What you have to do >>
If a line in the entries below includes "Shirt", show that line.

_ _ _ _ _

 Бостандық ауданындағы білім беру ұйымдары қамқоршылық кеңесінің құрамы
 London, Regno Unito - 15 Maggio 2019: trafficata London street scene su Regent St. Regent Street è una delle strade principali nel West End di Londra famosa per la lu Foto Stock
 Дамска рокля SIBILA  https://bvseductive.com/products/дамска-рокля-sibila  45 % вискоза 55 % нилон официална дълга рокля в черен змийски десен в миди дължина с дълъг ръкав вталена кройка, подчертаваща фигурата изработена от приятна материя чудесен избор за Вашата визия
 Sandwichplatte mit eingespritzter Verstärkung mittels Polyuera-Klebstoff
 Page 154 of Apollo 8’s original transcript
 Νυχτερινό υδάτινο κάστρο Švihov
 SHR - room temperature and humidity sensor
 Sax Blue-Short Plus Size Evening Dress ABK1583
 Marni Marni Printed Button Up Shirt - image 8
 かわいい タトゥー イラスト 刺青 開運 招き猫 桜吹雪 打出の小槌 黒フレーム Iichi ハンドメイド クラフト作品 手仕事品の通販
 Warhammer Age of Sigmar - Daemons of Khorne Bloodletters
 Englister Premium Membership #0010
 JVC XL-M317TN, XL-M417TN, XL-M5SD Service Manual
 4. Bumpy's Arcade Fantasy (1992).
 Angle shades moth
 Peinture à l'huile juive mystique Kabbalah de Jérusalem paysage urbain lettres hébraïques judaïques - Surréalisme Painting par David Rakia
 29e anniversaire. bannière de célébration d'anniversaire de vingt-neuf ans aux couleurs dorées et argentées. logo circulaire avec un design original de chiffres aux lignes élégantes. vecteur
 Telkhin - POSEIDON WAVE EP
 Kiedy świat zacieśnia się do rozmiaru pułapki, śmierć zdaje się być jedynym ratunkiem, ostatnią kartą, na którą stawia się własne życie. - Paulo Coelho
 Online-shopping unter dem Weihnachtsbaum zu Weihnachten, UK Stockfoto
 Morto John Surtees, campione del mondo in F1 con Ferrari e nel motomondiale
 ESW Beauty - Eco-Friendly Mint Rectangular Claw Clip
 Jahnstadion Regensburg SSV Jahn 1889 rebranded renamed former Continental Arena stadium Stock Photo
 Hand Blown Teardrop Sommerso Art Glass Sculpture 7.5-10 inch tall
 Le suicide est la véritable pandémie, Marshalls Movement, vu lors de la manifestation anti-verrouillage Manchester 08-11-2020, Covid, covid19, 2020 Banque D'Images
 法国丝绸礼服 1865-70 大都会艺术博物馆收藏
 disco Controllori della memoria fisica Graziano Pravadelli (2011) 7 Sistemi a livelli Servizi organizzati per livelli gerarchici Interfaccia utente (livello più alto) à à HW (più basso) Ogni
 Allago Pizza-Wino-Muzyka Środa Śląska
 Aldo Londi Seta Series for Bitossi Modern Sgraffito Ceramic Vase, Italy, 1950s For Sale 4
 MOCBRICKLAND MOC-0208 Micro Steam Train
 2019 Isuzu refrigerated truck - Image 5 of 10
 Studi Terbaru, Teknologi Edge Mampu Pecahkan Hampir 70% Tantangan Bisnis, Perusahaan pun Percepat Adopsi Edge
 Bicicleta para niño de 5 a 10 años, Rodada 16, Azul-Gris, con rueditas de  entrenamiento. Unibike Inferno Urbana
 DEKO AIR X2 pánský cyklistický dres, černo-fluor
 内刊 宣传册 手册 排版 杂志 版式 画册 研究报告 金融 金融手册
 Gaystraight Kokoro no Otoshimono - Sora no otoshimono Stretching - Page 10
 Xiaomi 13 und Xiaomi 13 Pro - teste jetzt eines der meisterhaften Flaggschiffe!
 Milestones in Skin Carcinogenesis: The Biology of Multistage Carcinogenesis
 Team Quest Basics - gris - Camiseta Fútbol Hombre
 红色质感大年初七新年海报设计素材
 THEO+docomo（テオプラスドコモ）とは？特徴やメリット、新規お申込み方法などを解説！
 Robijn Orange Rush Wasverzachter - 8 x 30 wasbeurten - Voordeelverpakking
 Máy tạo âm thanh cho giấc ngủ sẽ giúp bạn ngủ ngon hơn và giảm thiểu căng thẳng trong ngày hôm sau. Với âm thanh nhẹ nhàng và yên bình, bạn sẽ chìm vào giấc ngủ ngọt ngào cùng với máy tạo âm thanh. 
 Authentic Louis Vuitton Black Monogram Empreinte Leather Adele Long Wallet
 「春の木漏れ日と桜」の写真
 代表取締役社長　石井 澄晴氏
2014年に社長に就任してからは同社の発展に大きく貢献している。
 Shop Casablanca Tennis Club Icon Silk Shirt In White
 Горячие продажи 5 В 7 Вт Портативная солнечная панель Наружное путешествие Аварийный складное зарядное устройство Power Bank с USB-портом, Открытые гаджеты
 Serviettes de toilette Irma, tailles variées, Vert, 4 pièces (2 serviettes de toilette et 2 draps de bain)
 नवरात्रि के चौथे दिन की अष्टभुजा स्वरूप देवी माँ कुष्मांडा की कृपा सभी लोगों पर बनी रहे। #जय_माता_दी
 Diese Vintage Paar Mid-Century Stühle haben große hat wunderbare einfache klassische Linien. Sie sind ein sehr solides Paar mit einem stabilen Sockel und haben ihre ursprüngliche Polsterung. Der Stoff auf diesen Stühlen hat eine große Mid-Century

_ _ _ _ _

Task result >>
 Marni Marni Printed Button Up Shirt - image 8
 Shop Casablanca Tennis Club Icon Silk Shirt In White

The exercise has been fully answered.